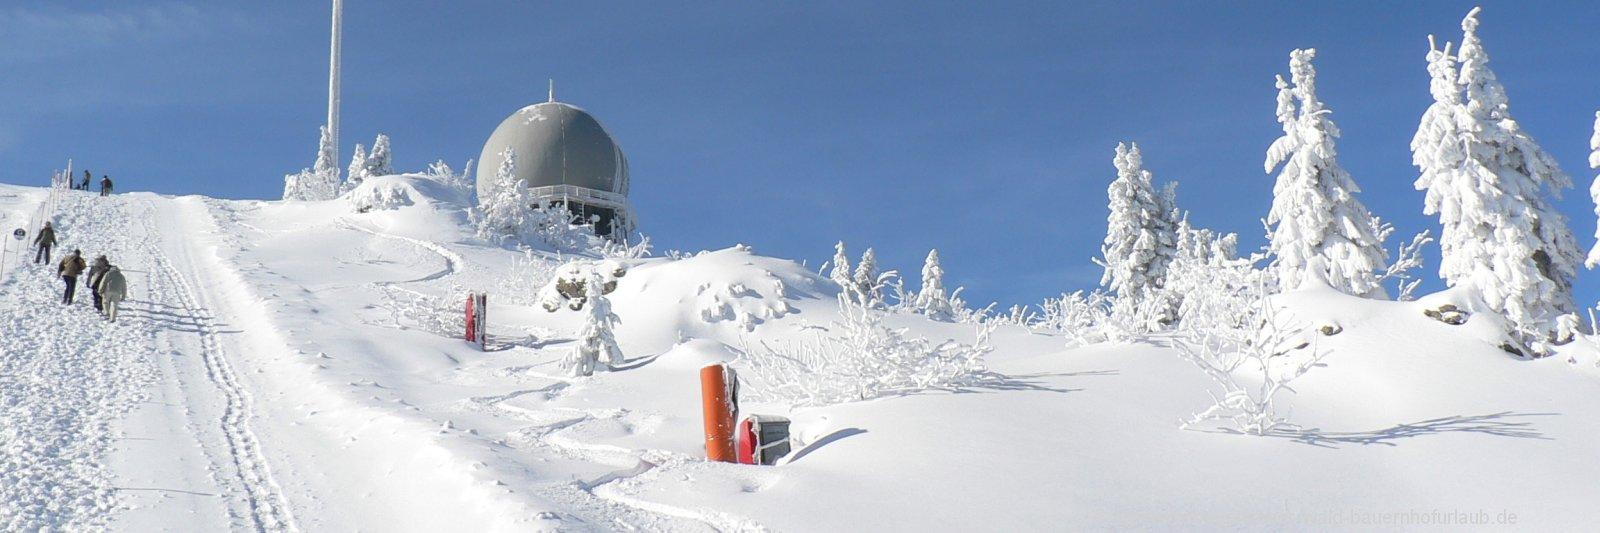 winterurlaub-bayerischer-wald-skifahren-arber-skigebiet
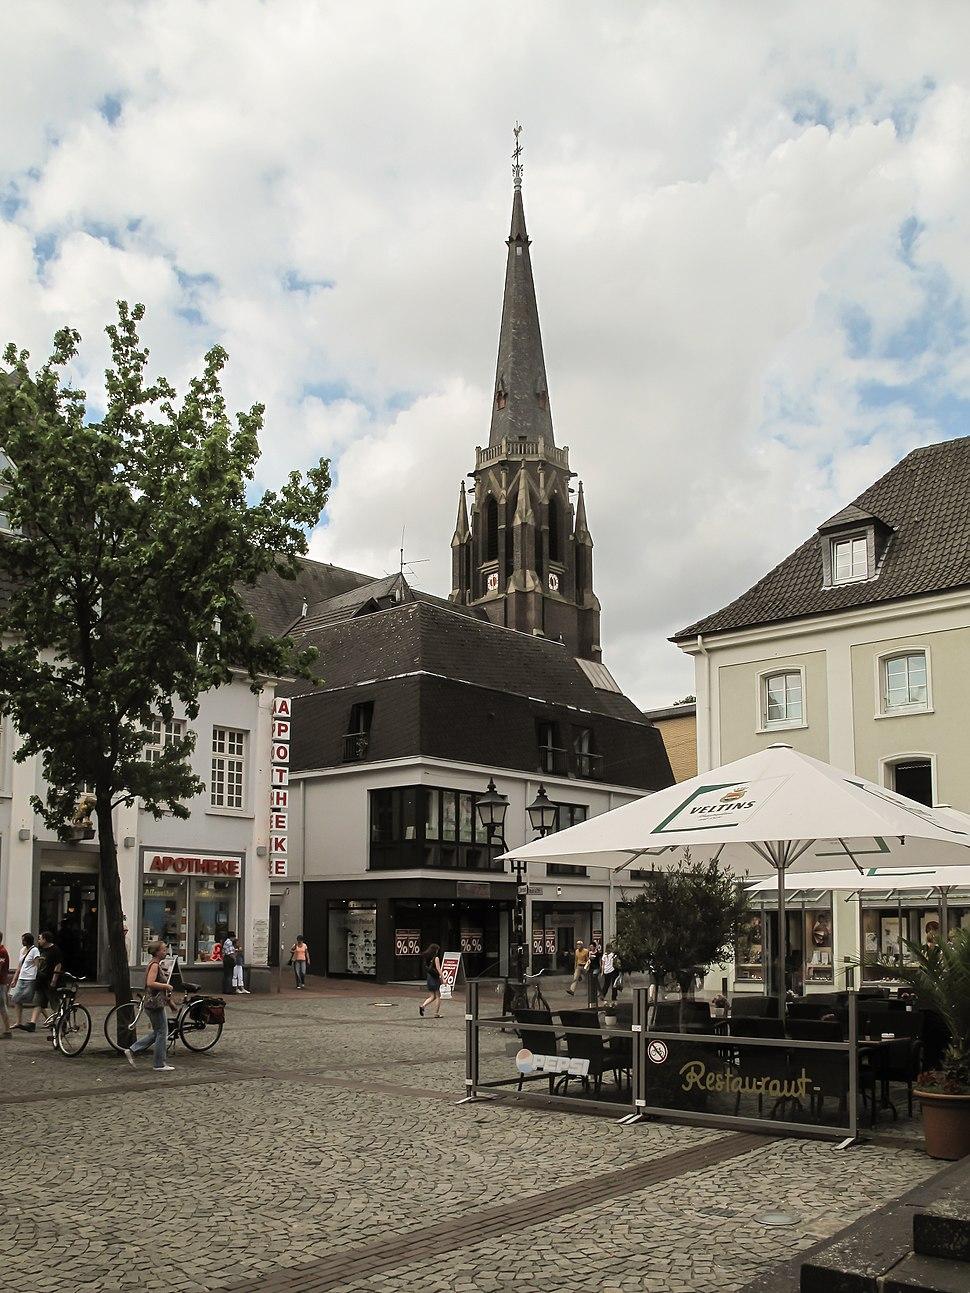 Moers, evangelische Stadtkirche in straatzicht Dm2 foto3 2013-07-29 11.29
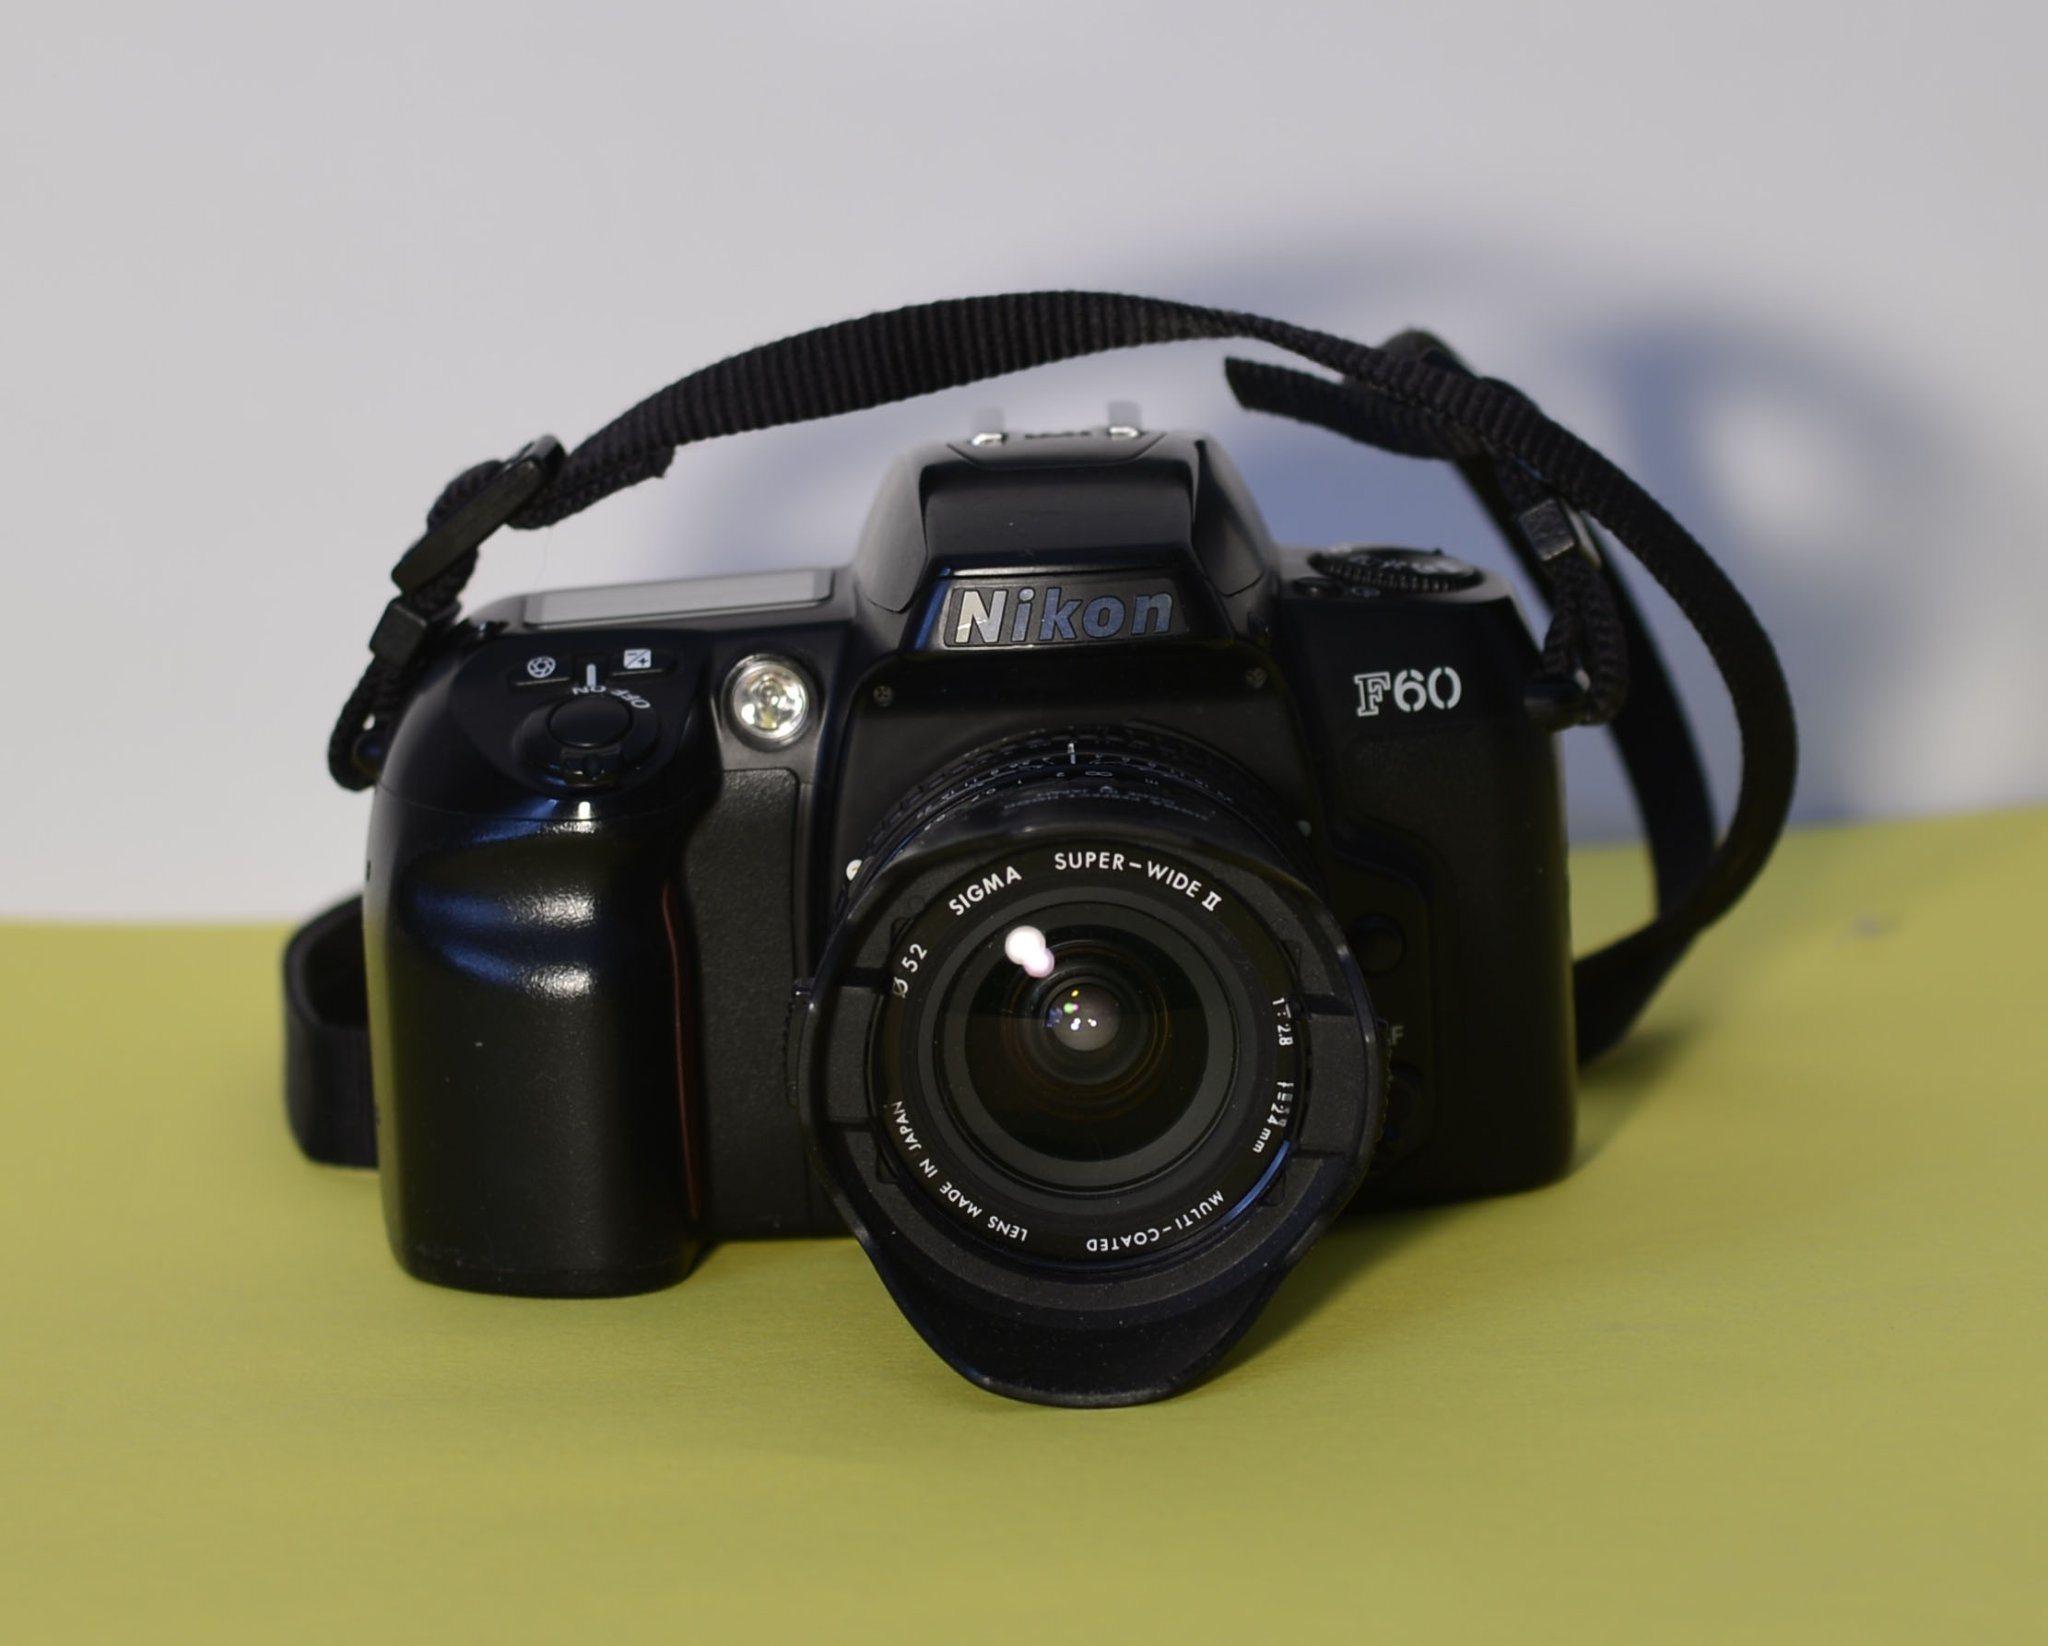 köpa nikon kamera
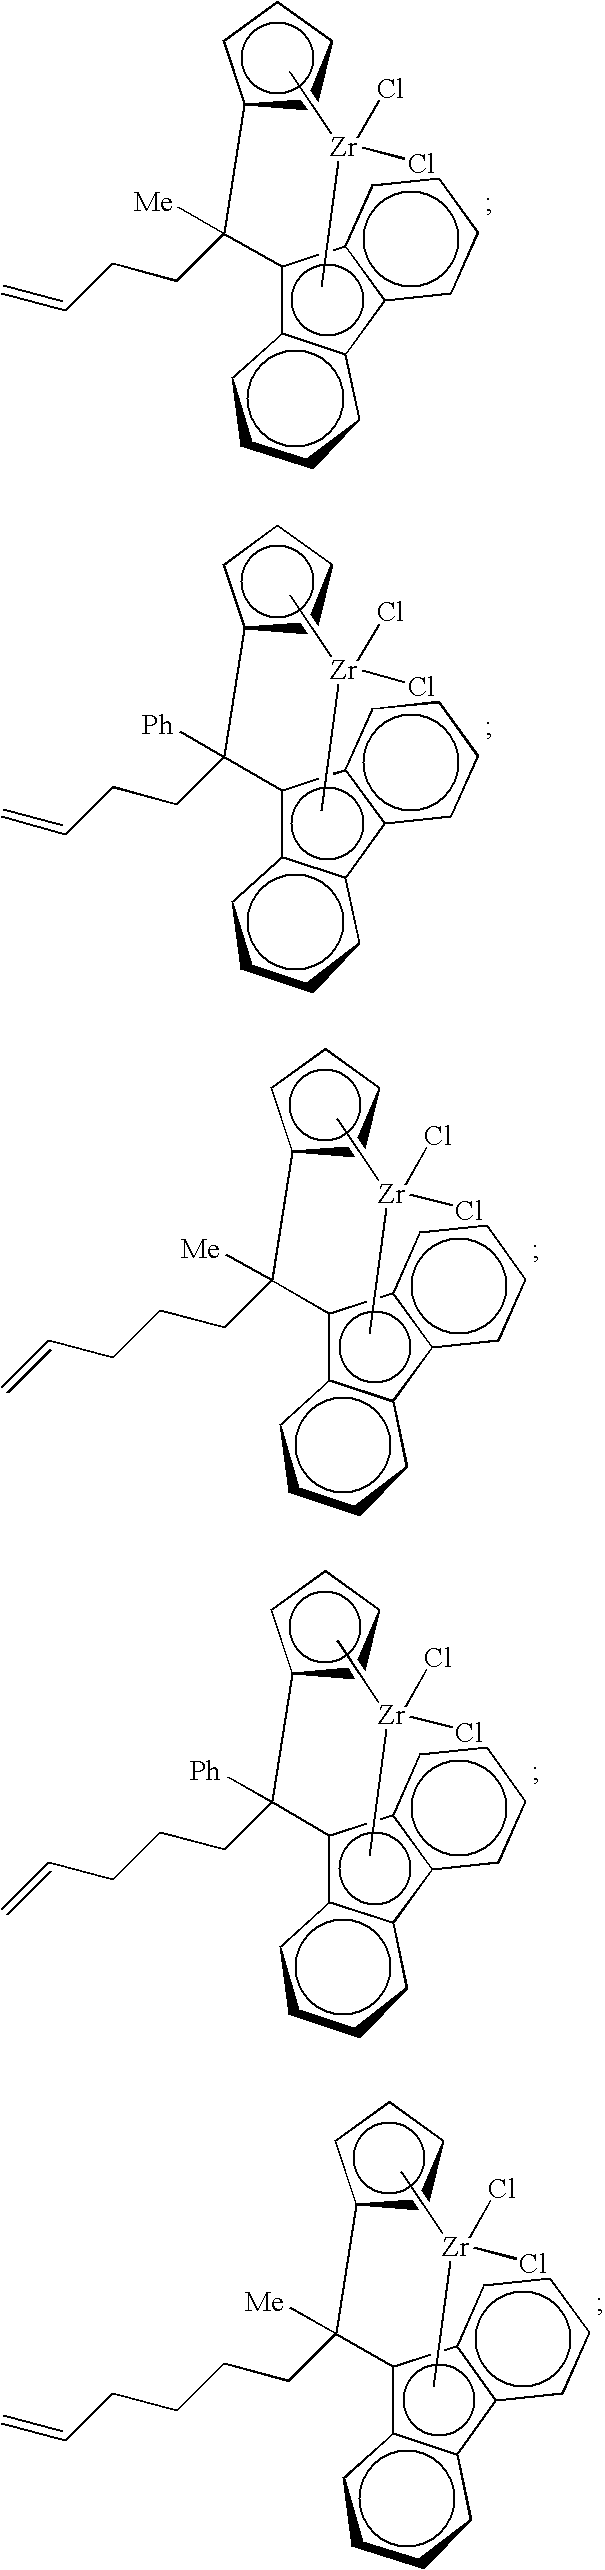 Figure US20050288461A1-20051229-C00009
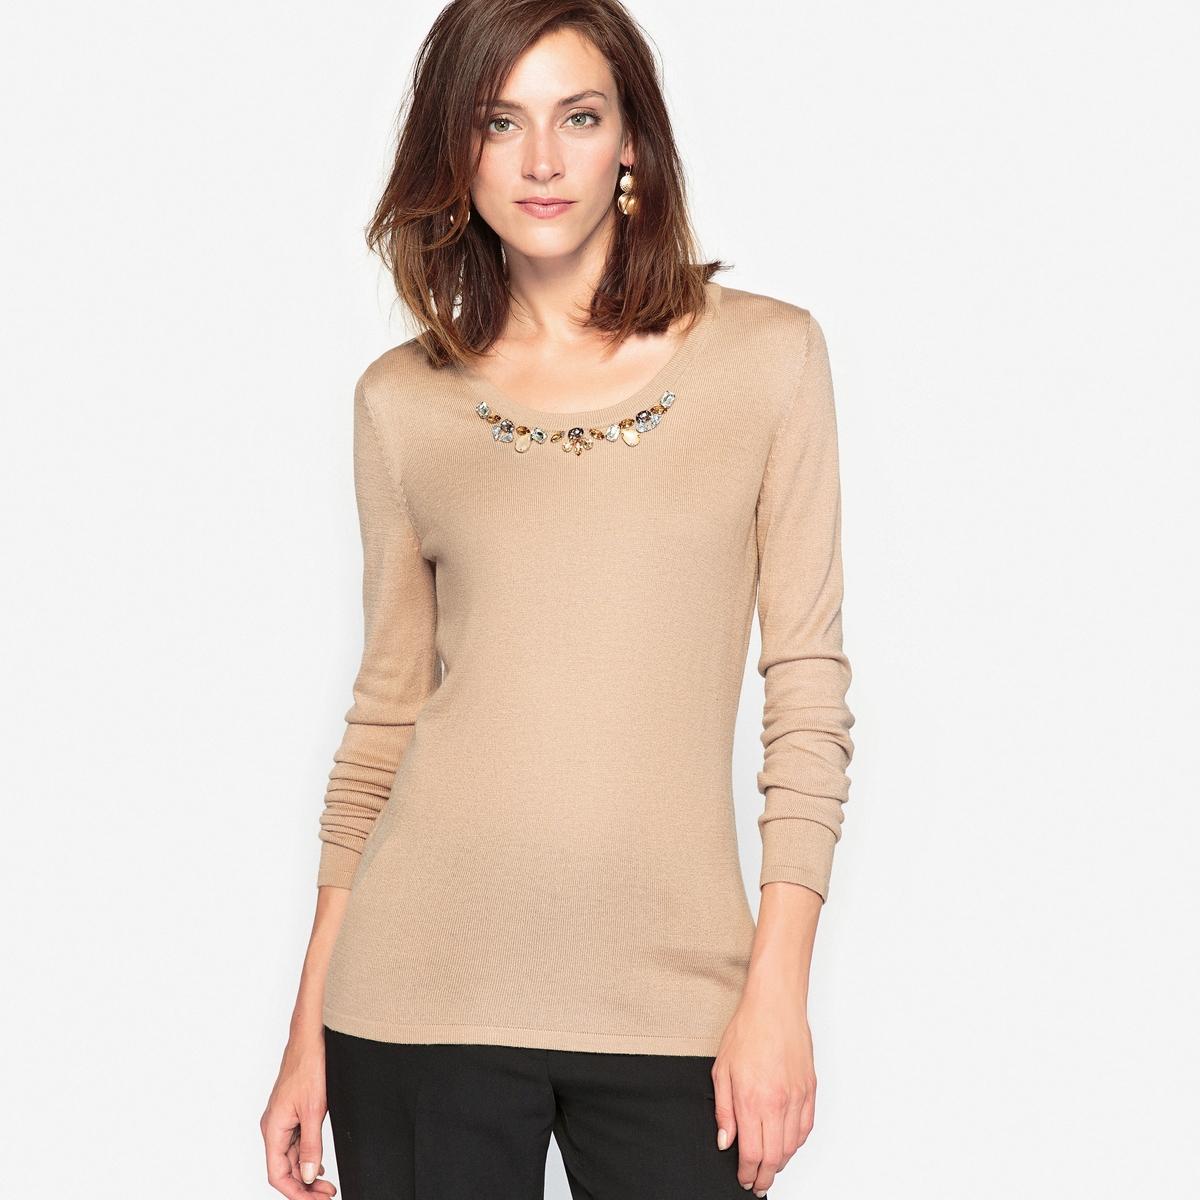 Пуловер с отделкой бижутерией, 10% шерстиСостав и описание:Материал : Трикотаж джерси 66% акрила, 24% полиамида, 10% шерсти .Длина: 62 см. Марка : Anne Weyburn.Уход:Ручная стирка.Гладить на низкой температуре.<br><br>Цвет: бежевый,черный
━━━━
**What to do**
Wherever a picture appears in the material above, skip it and copy the rest without change.

**Task response**
 winterurlaub-bayerischer-wald-skifahren-arber-skigebiet
 Moers, evangelische Stadtkirche in straatzicht Dm2 foto3 2013-07-29 11.29
 köpa nikon kamera
 Figure US20050288461A1-20051229-C00009
 Пуловер с отделкой бижутерией, 10% шерстиСостав и описание:Материал : Трикотаж джерси 66% акрила, 24% полиамида, 10% шерсти .Длина: 62 см. Марка : Anne Weyburn.Уход:Ручная стирка.Гладить на низкой температуре.<br><br>Цвет: бежевый,черный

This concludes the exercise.